William Hill in reply accepted that the database at any given time qualified as a collection of data in which database right existed. However, the database was dynamic and constantly changing, and so there was a point as to whether it was the same database for the purposes of the law as the collection of data even a few days later. Furthermore, there are alternative sources for the data which William Hill could use and which would avoid any allegation of infringement.
Database right was introduced by a Directive. It was intended to harmonise the law among the Member States by introducing some harmonisation in copyright law as well as introducing a new right, described as sui generis. This description was important since, although there are some similarities between copyright law and database right, the scope of the new right had to be determined from the Directive itself and not by applying copyright principles by analogy.

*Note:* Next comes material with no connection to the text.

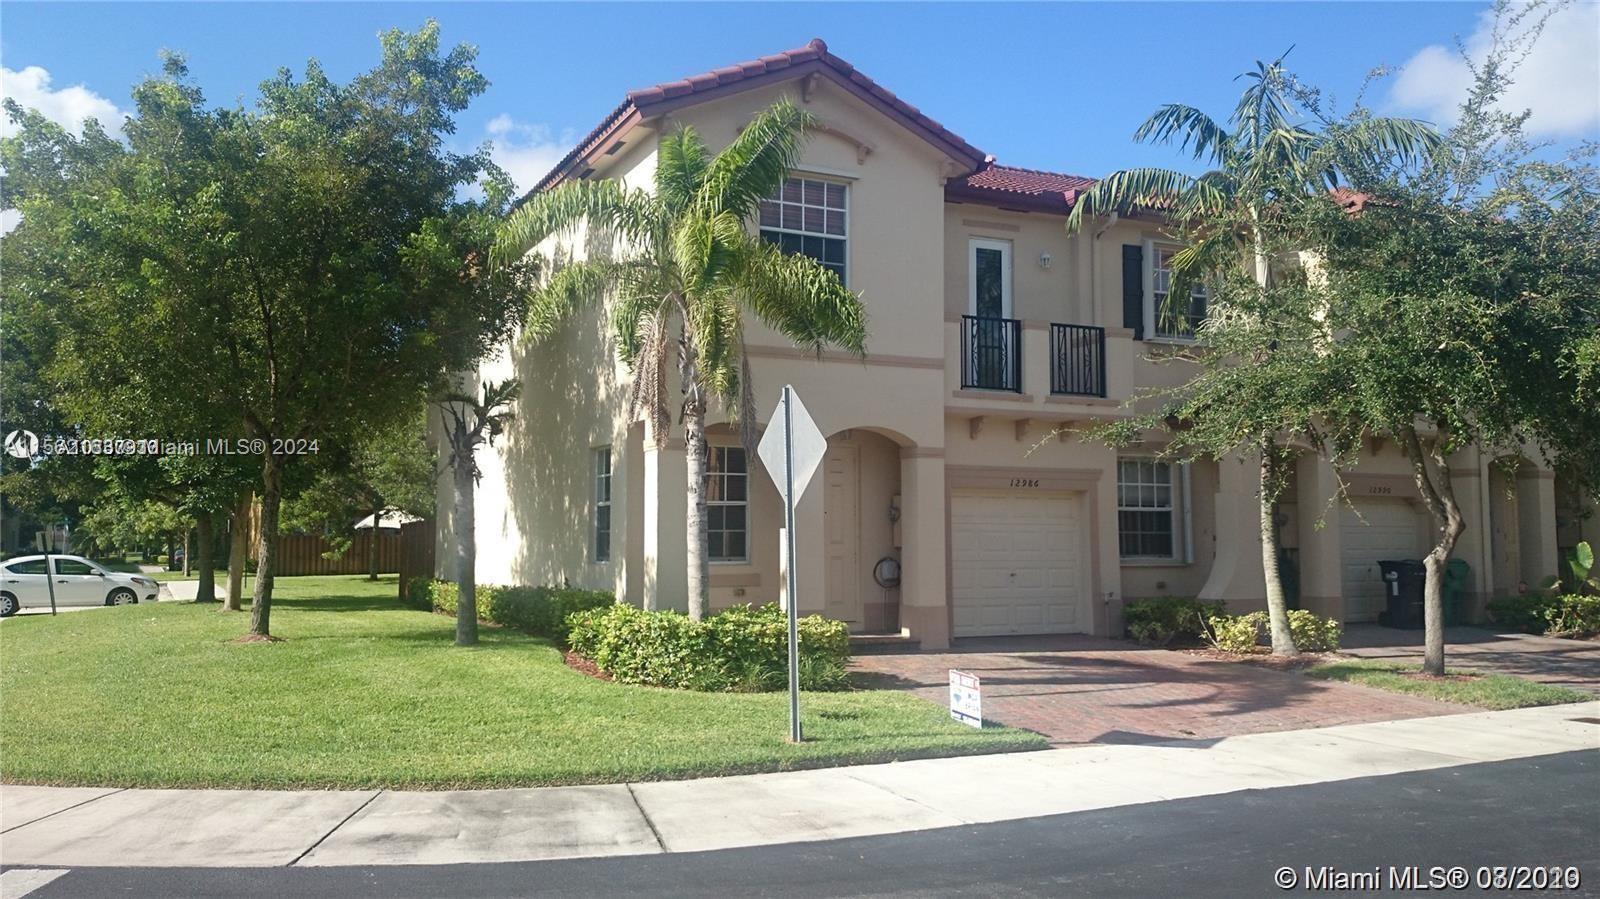 12986 SW 132nd Ter, Miami, Florida 33186, 3 Bedrooms Bedrooms, ,2 BathroomsBathrooms,Residentiallease,For Rent,12986 SW 132nd Ter,A11562163

The definition of "database" in the Directive at Article 1 was important:
“This Directive concerns the legal protection of databases in any form.
For the purposes of this Directive, "database" shall mean a collection of independent works, data or other materials arranged in a systematic or methodical way and individually accessible by electronic or other means.

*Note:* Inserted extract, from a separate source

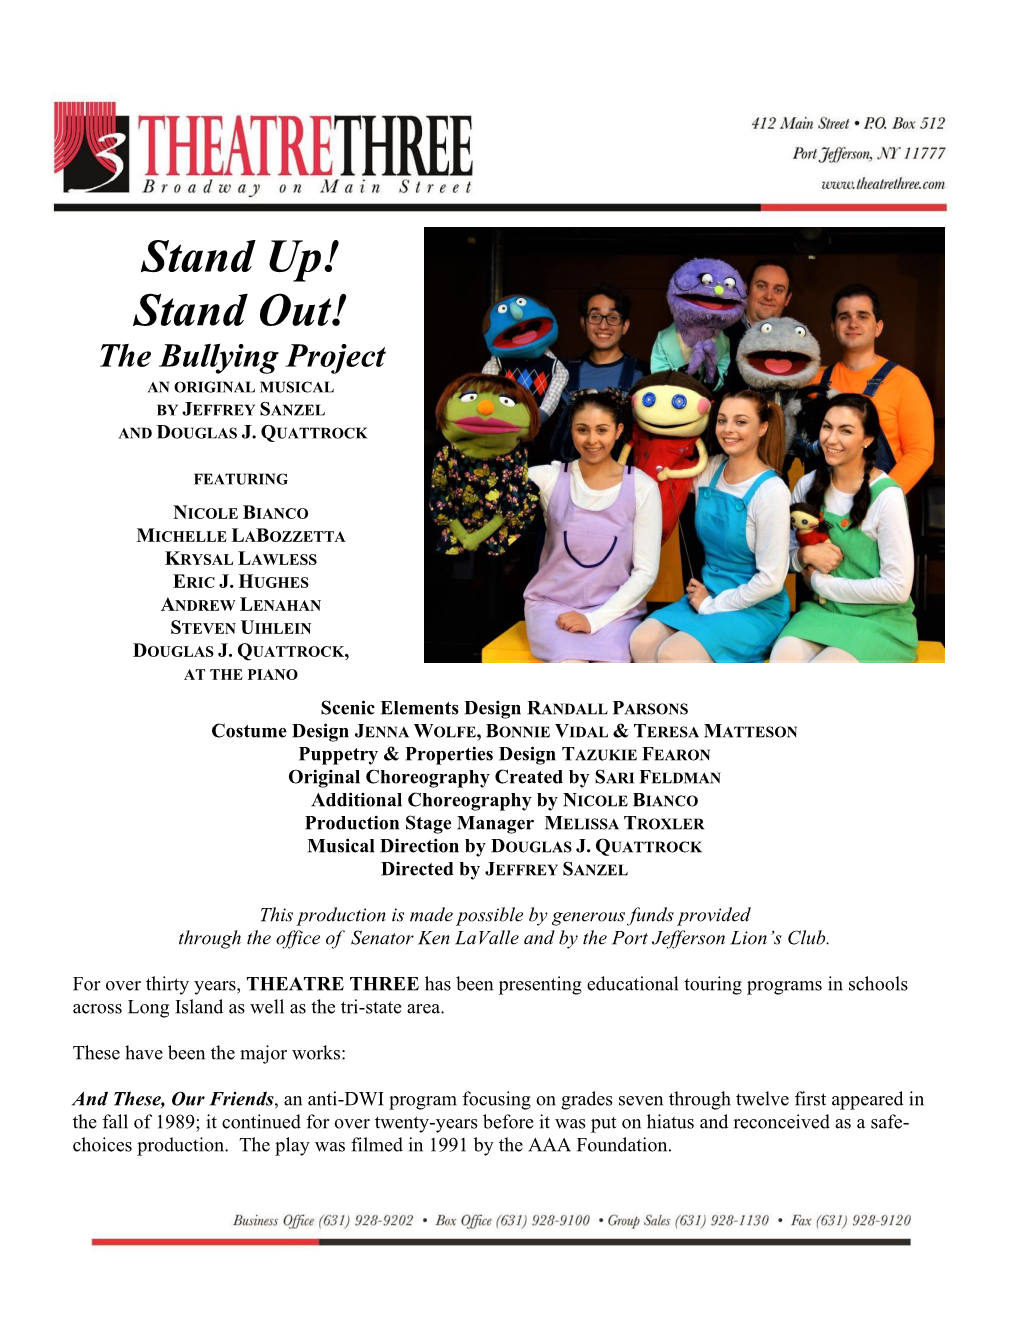 Stand Up! Stand Out! the Bullying Project an ORIGINAL MUSICAL by JEFFREY SANZEL and DOUGLAS J

Protection under this Directive shall apply to computer programs used in the making or operation of databases accessible by electronic means."
The Recitals to the Directive expand on this definition. Thus, by Recital 17, a recording, or an audio visual, cinematographic, literary or musical work as such does not fall within the scope of the Directive. Further, by Recitals 15 and 16, it is expressed that originality (in the sense of the author's own intellectual creation) is the sole criterion for copyright protection of the database, without the necessity to prove any aesthetic or qualitative criteria. However, Recital 21 makes it clear that for the database right to exist, the requirement that works, data or other material should be arranged systematically or methodically does not mean that those materials should have been physically stored in an organised manner. Thus, "database" has a very wide meaning, covering virtually all collections of data in searchable form.

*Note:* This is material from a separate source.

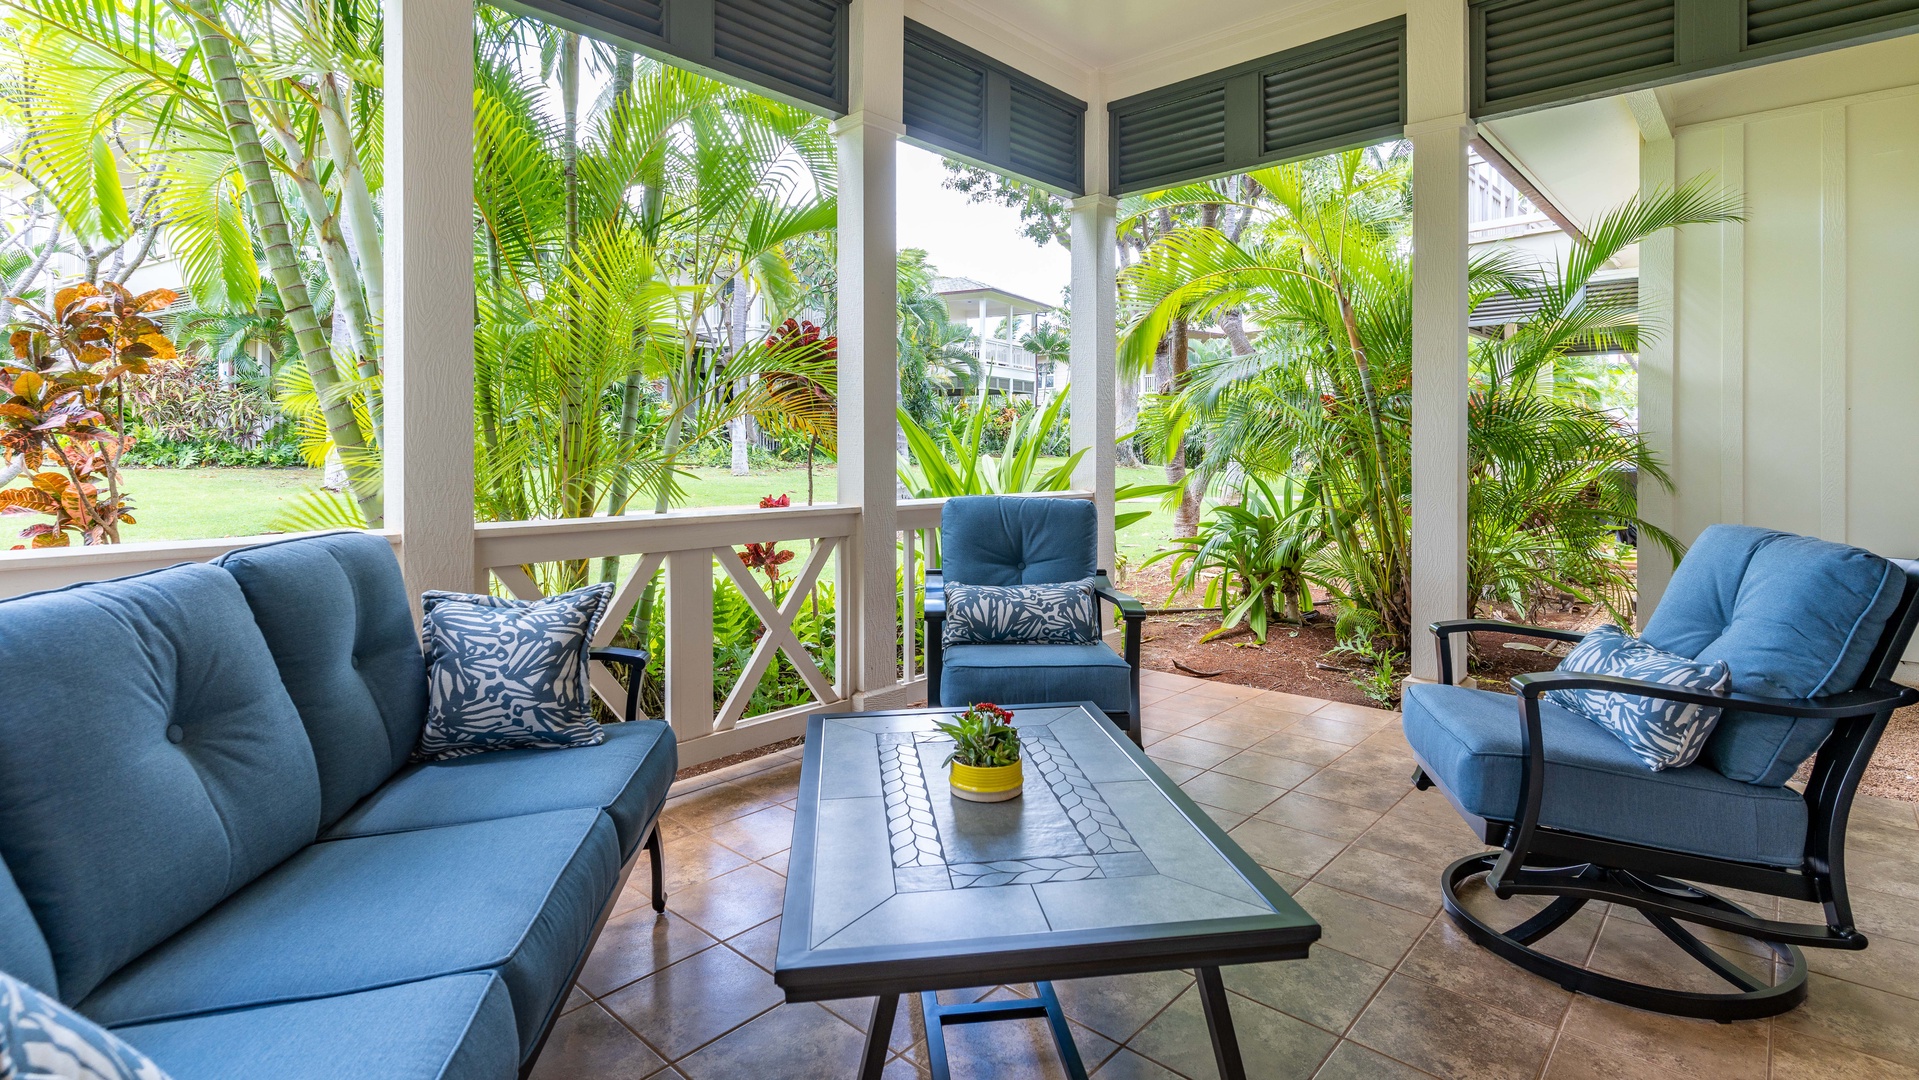 Kapolei Vacation Rentals, Coconut Plantation 1208-2 - An enchanting setting for drinks on the lanai.

Understanding the purpose behind database right is important as it throws light on what types of activity amount to breach. Based on the Directive (for example Recital 40 and Article 7(1)), it seems that what the new right is aimed at protecting is the investment in the database's creation, and that investment must be directed at obtaining, verifying or presenting the database's contents.
However, the effort put into creating the data itself is irrelevant - Article 7(4) draws a distinction between rights in the database and rights in the data in the database. Thus, the cost of BHB in fixing the date of a race meeting is not relevant to the question of investment, but the efforts that went into the gathering of all the data together were relevant. Recital 55 effectively provides that, if sufficient investment is put into ensuring that it is up to date and accurate, it is protected by the new right.
Database right also protects the investment in presentation of data, which must cover at least the effort and resources that make the data more readily accessible by the user. However, Article 7(3) provides that database right does not cover computer programs used to make or operate databases accessible by electronic means. This may give rise to difficult questions as to where the exact borderline lies, but this question did not arise in this case.
The Claimant had to prove under Articles 7(1) and (5) of the Directive that the Defendant was misusing (in a relevant manner) parts of its database rather than data obtained from some other, independent source. William Hill has on its websites information admittedly derived from the SIS RDF. This is identical to information supplied to SIS by BHB from the BHB Database and also to the information supplied through the Racing Pages in the Declarations Feed which William Hill uses for its telephone betting service. This was important, since William Hill argued that some at least of the information it took from the RDF could well have been obtained directly by SIS from racecourses and BHB had not proved otherwise. William Hill pointed to the existence of an agreement between the Racecourse Association Limited and SIS, allowing SIS to broadcast races and obliging members of the Racecourse Association to provide SIS with race information in advance.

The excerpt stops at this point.